* [WHAT IS NEEDED]
Although the records contain pictures, none belong in the copy: restate word for word only the lines from the one with "Tại trụ sở Công" through the one with "-ában kapott felhatalmazás", both included.

* [RECORDS PROVIDED]
"""

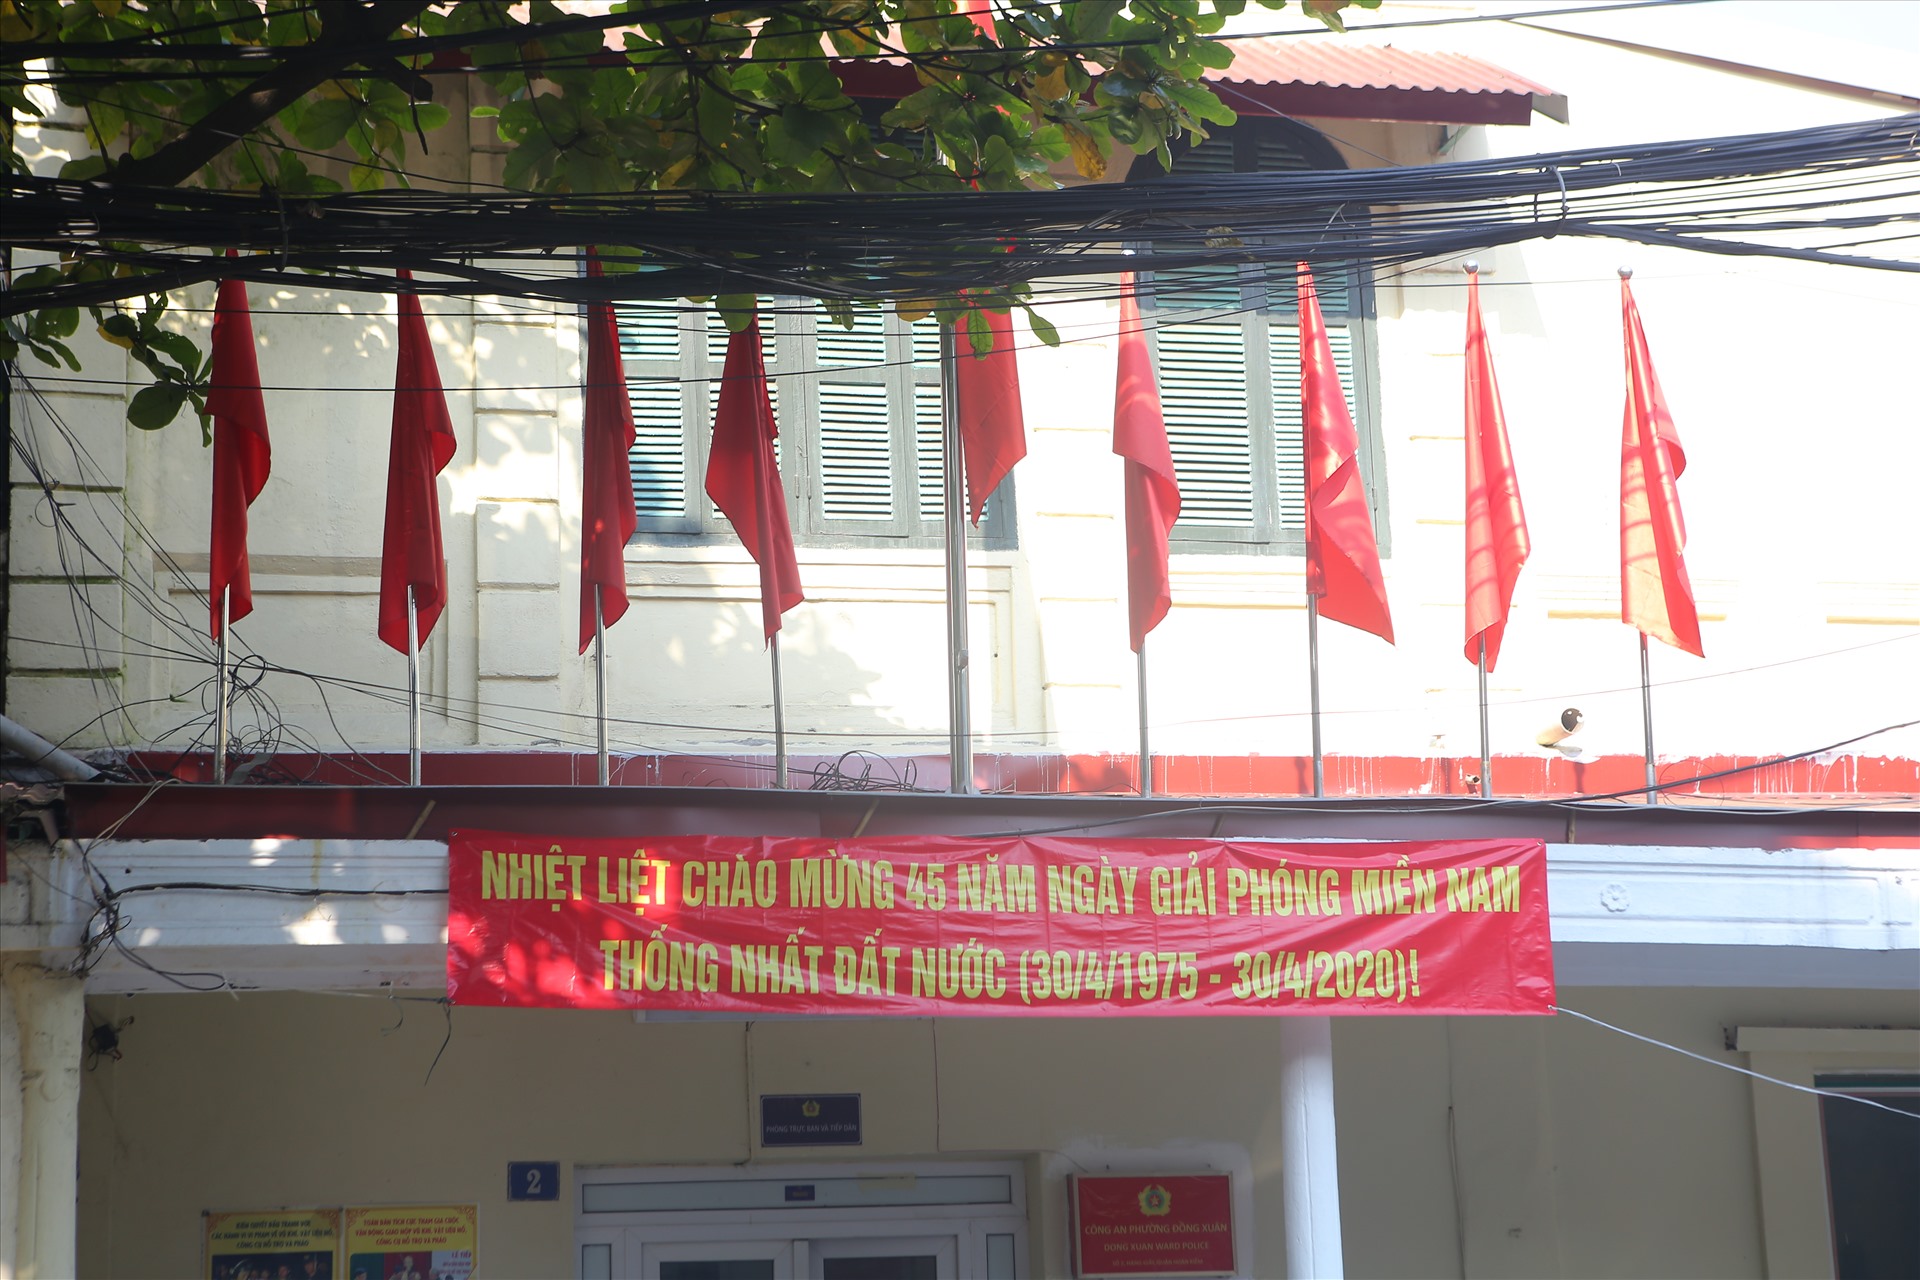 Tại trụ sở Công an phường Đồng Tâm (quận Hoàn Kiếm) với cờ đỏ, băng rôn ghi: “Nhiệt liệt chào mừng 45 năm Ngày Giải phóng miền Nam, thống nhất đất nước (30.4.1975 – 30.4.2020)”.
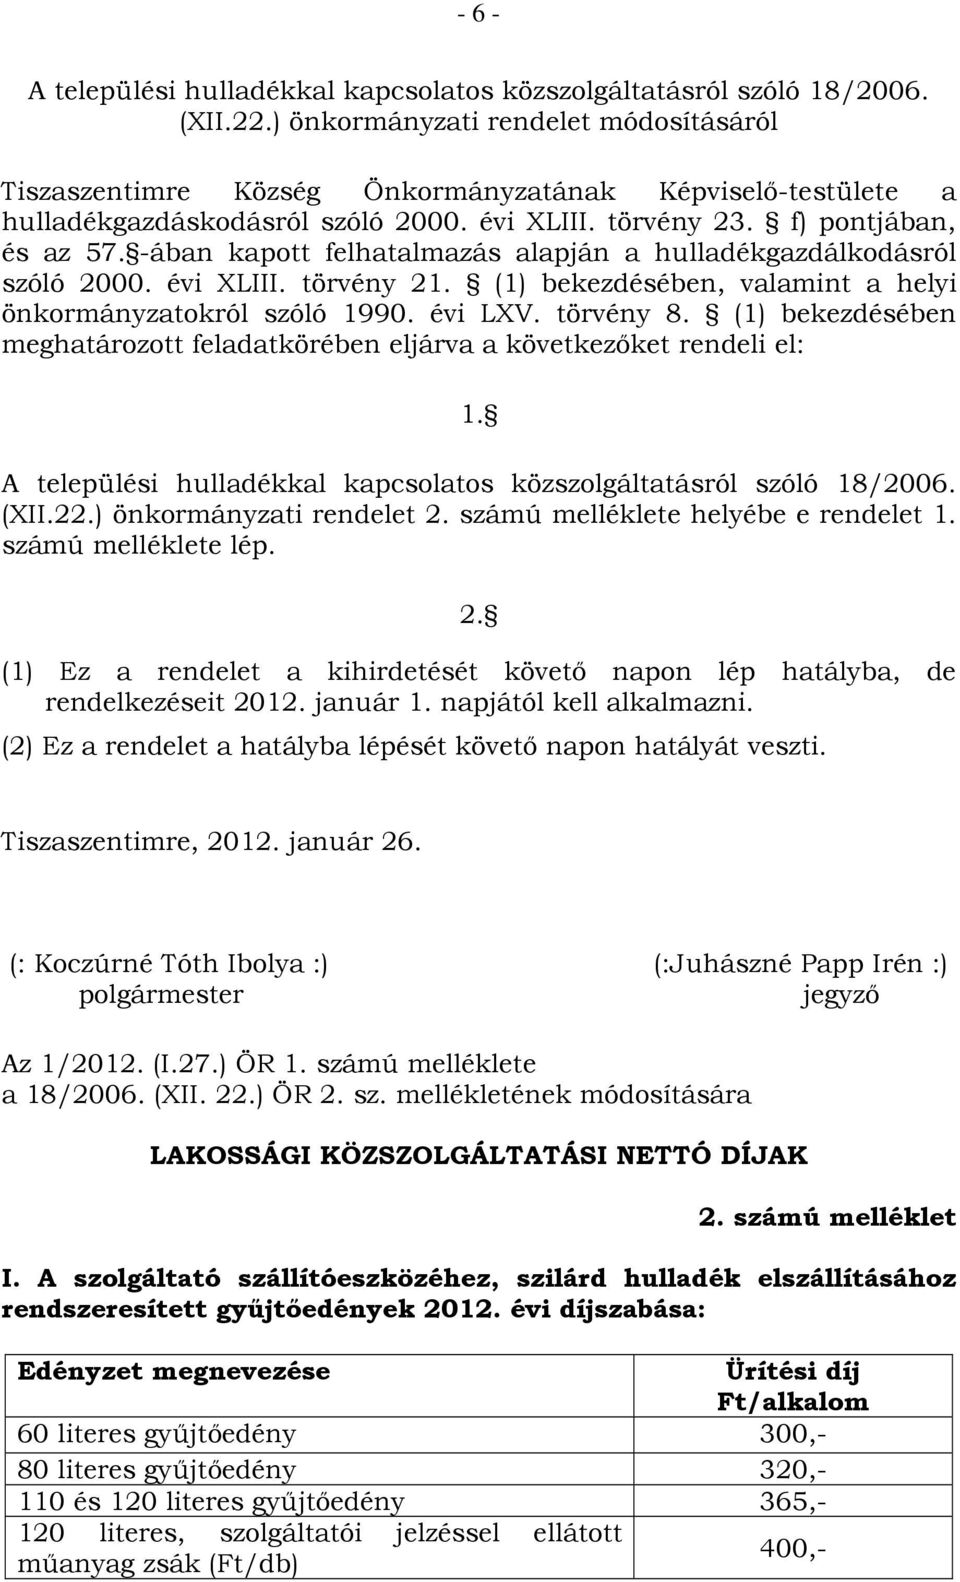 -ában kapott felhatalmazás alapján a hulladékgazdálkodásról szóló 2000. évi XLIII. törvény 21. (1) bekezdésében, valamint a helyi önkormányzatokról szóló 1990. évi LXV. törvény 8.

"""
"""

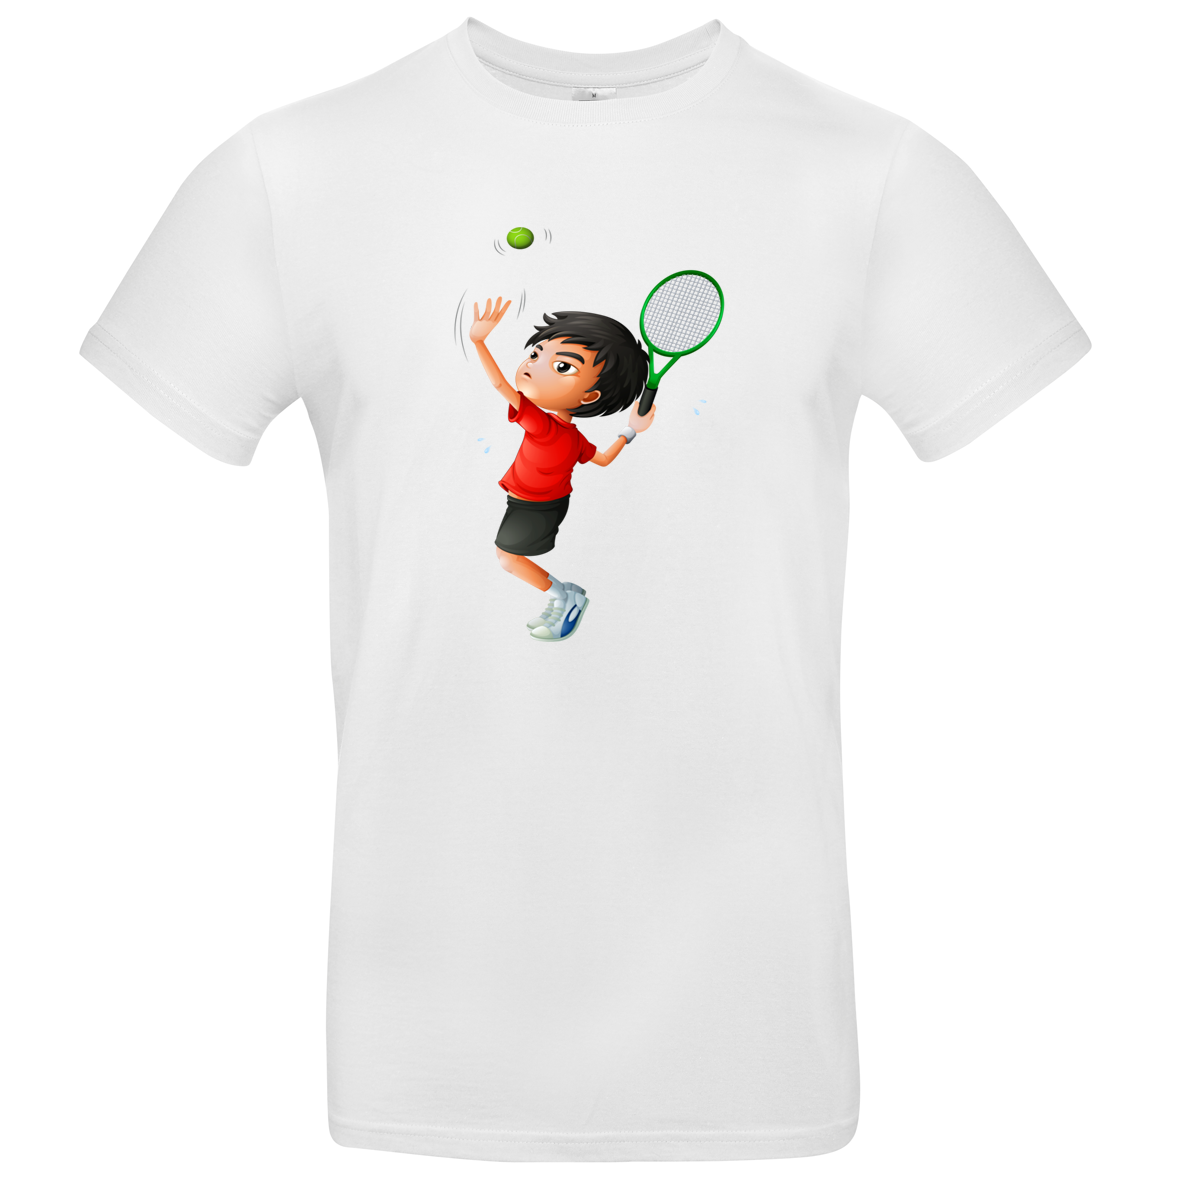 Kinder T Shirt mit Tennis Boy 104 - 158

"""

* [TASK ANSWER]
 Tại trụ sở Công an phường Đồng Tâm (quận Hoàn Kiếm) với cờ đỏ, băng rôn ghi: “Nhiệt liệt chào mừng 45 năm Ngày Giải phóng miền Nam, thống nhất đất nước (30.4.1975 – 30.4.2020)”.
 -ában kapott felhatalmazás alapján a hulladékgazdálkodásról szóló 2000. évi XLIII. törvény 21. (1) bekezdésében, valamint a helyi önkormányzatokról szóló 1990. évi LXV. törvény 8.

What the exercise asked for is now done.